* **Input data**
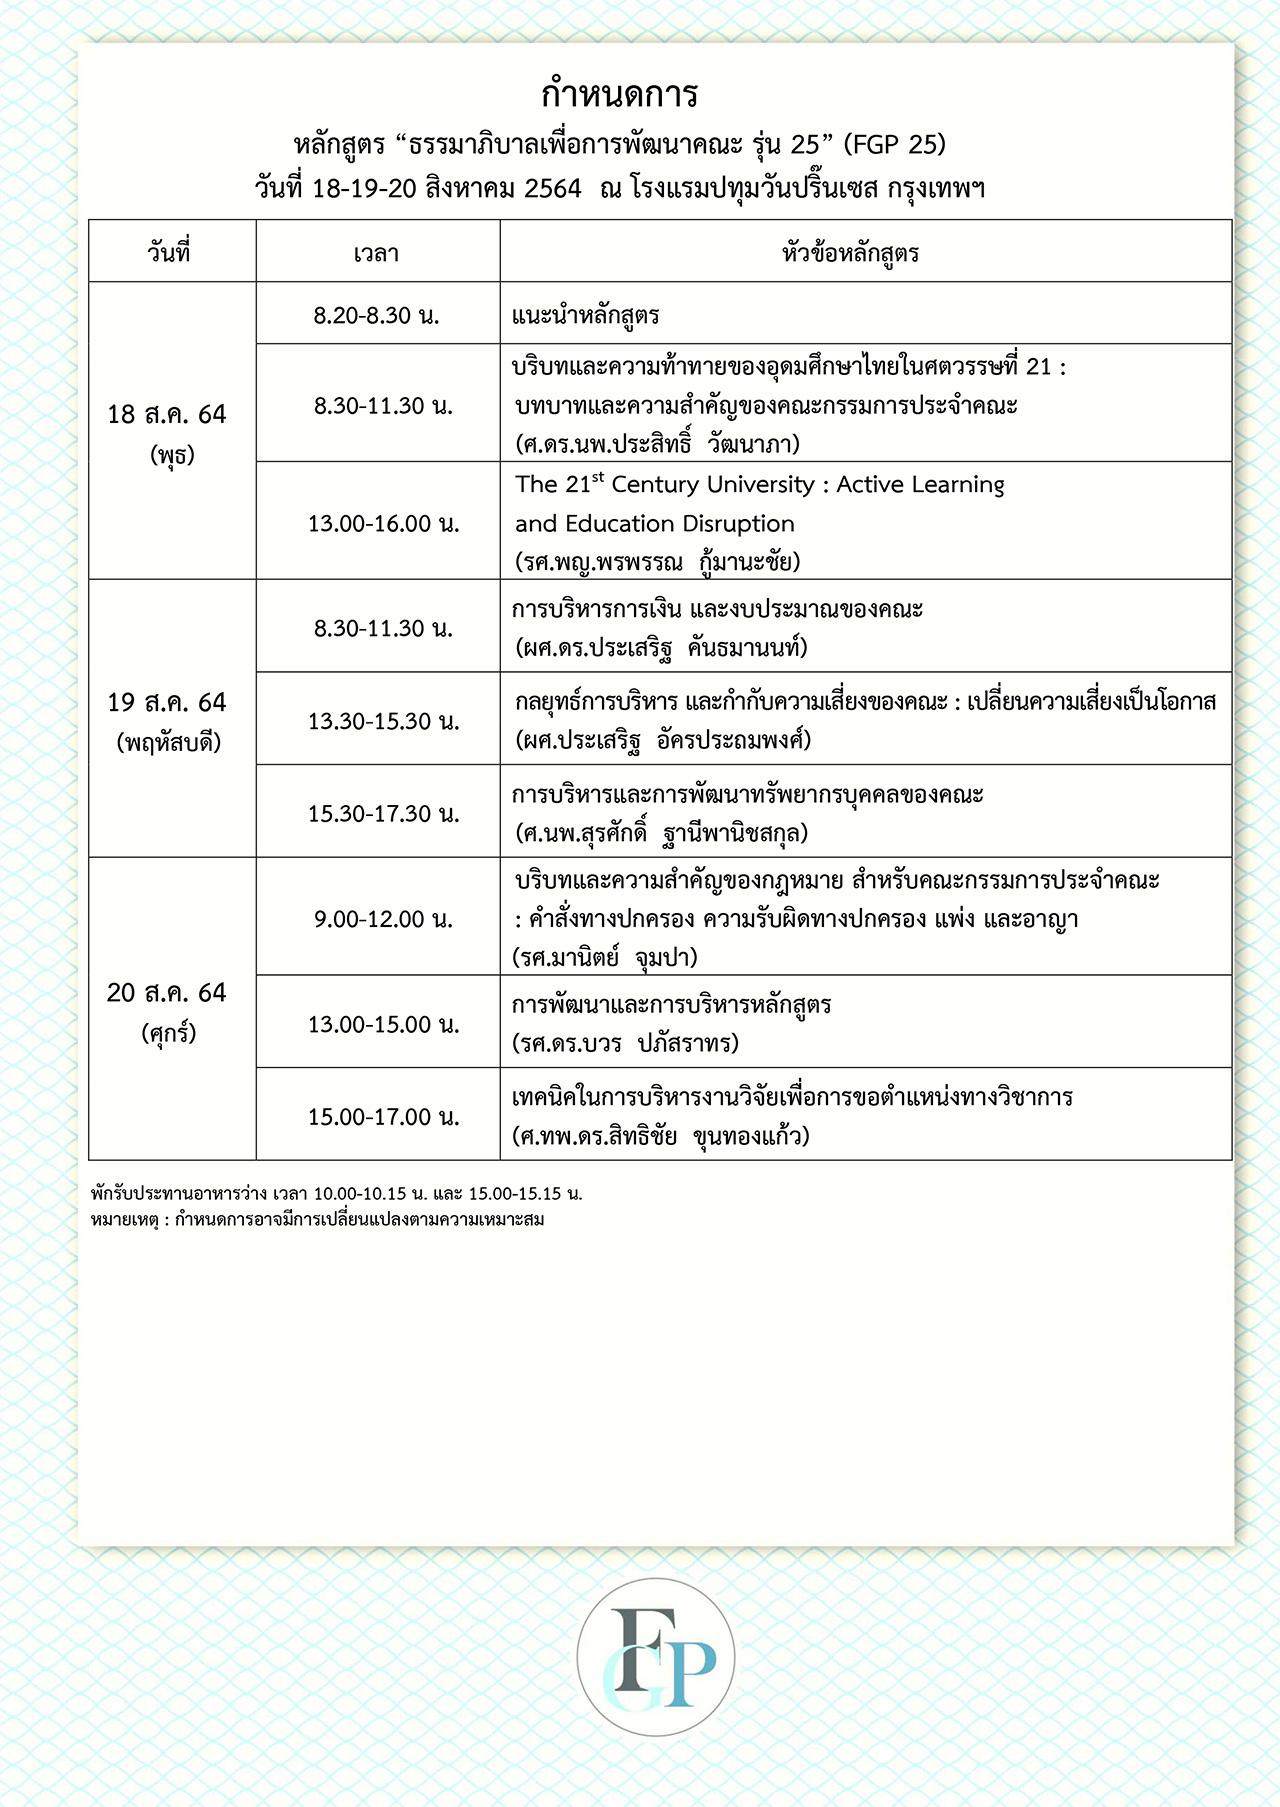 agenda-fgp25
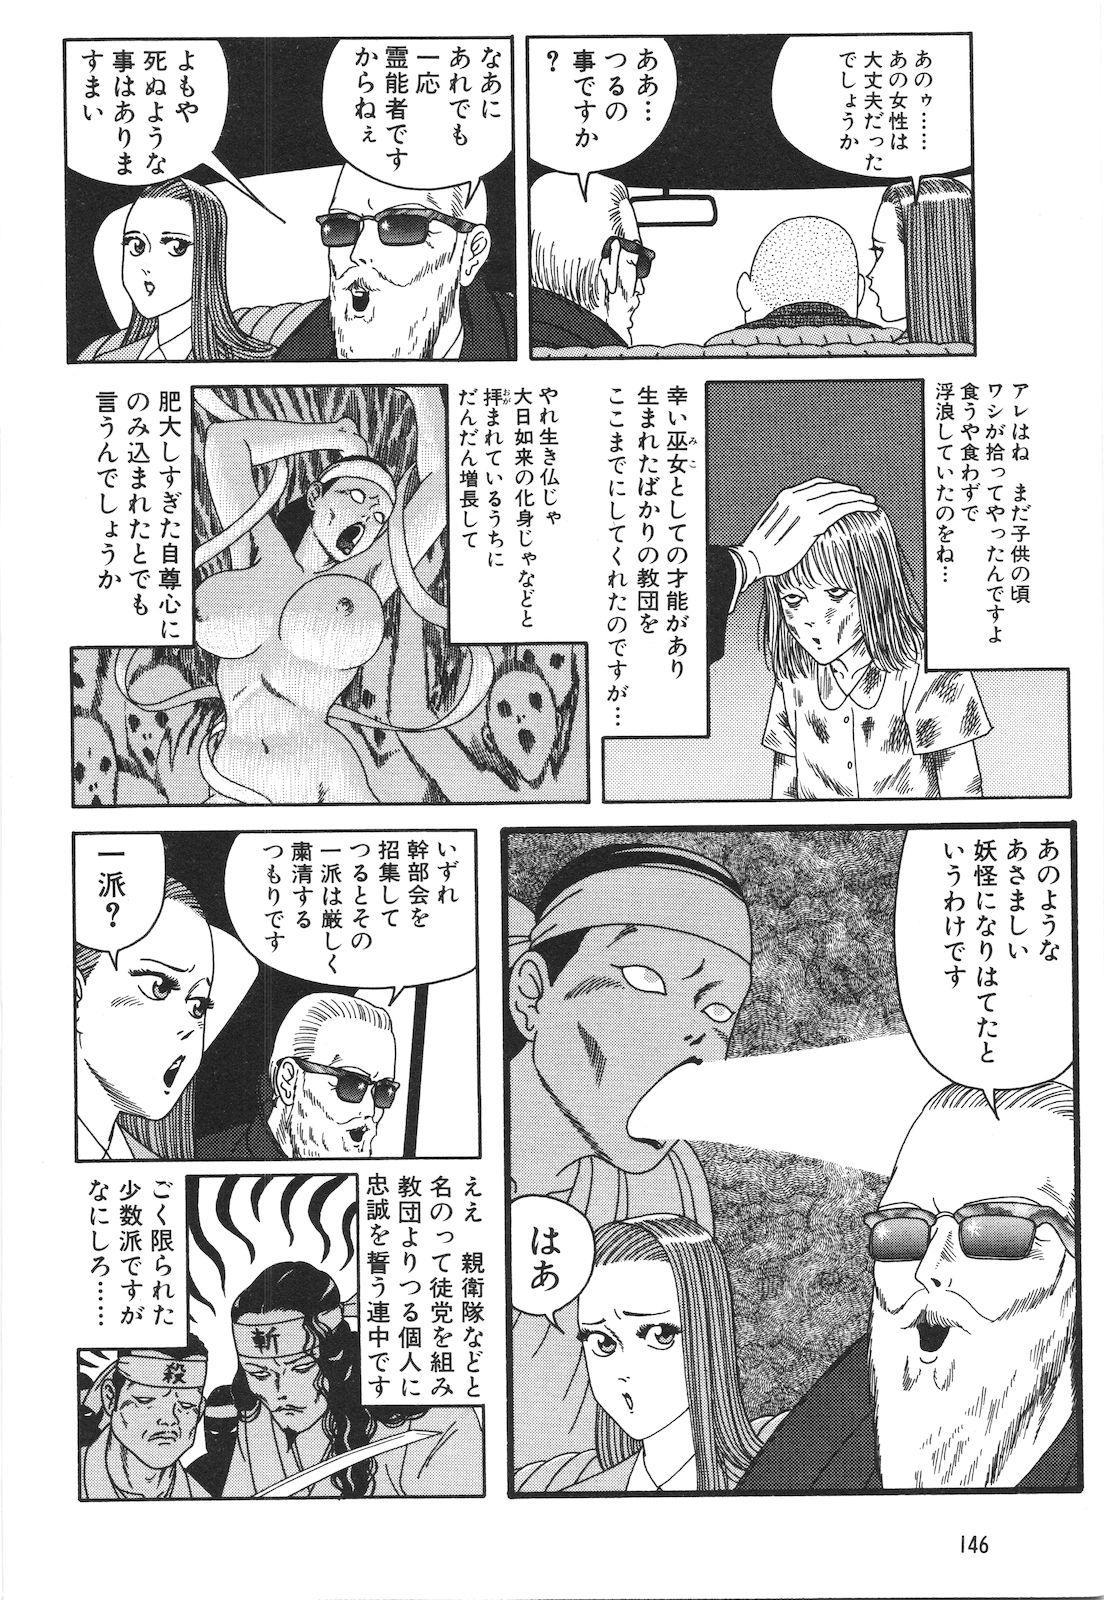 Dobusarai Gekijou 147
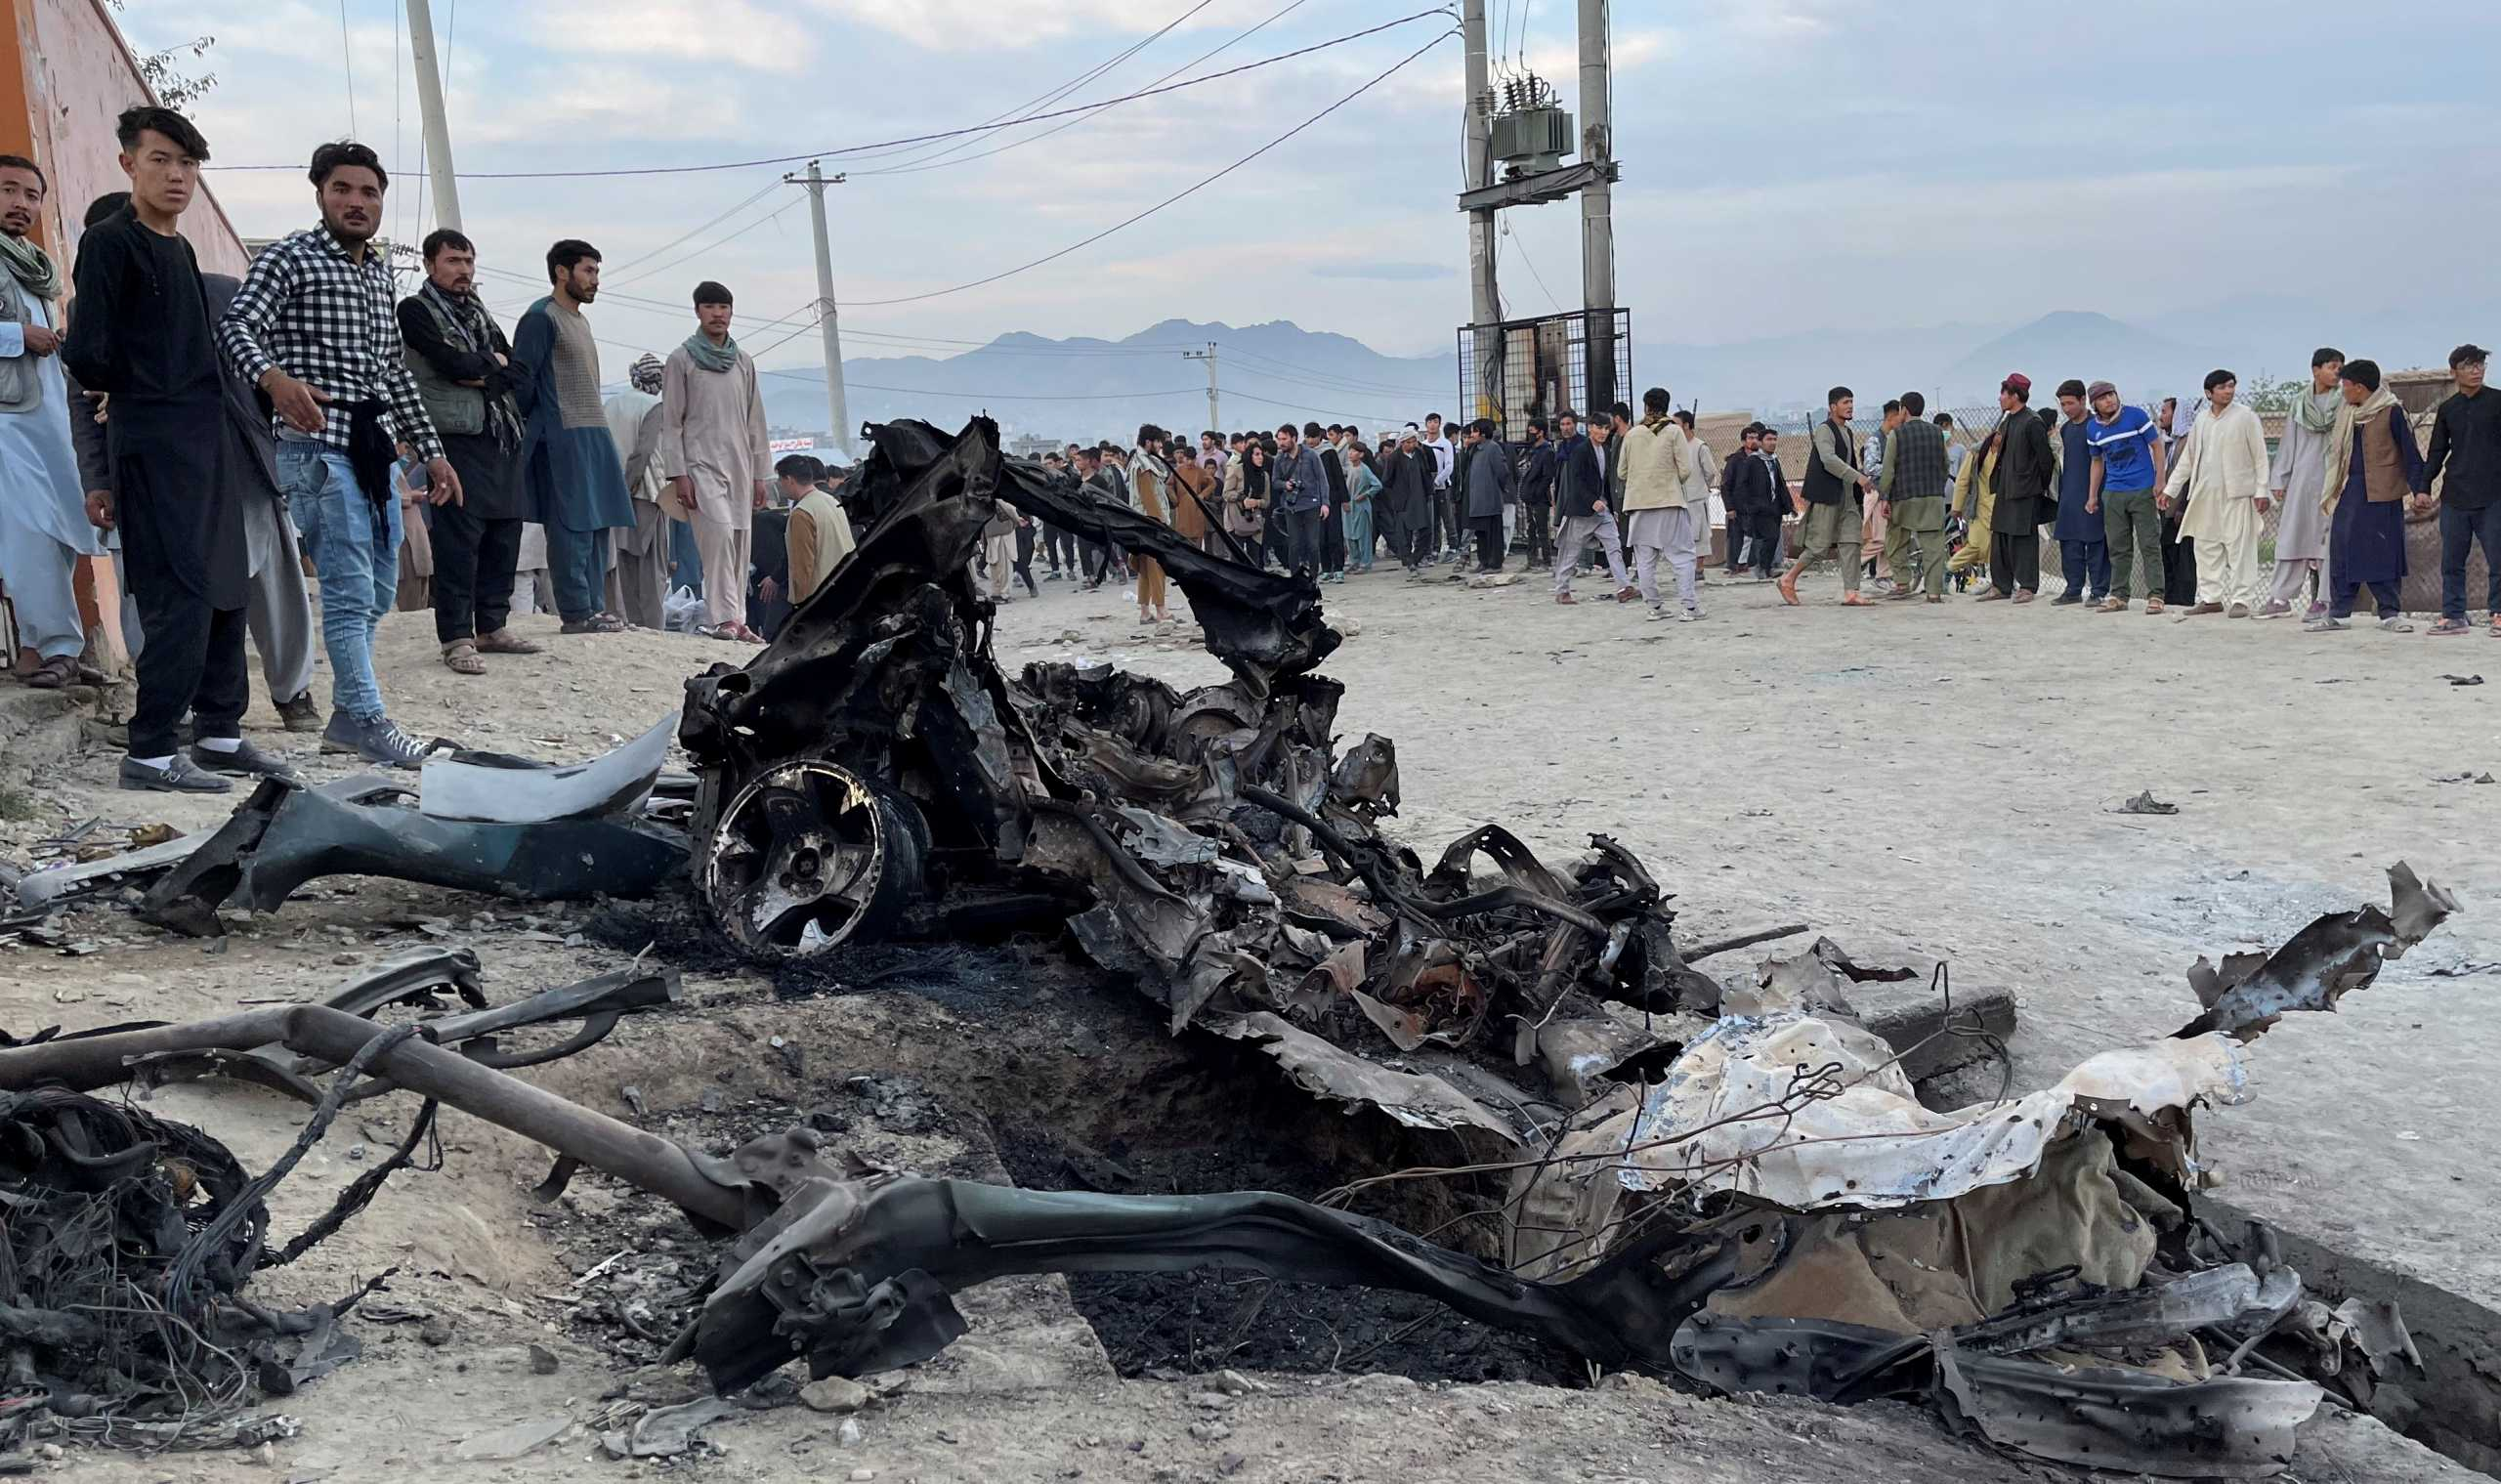 Νέο μακελειό στο Αφγανιστάν: 11 νεκροί από έκρηξη βόμβας σε λεωφορείο

* **What this task involves**
Could the material above be given again exactly, pictures excluded?

* **Task response**
 agenda-fgp25
 Dobusarai Gekijou 147
 Νέο μακελειό στο Αφγανιστάν: 11 νεκροί από έκρηξη βόμβας σε λεωφορείο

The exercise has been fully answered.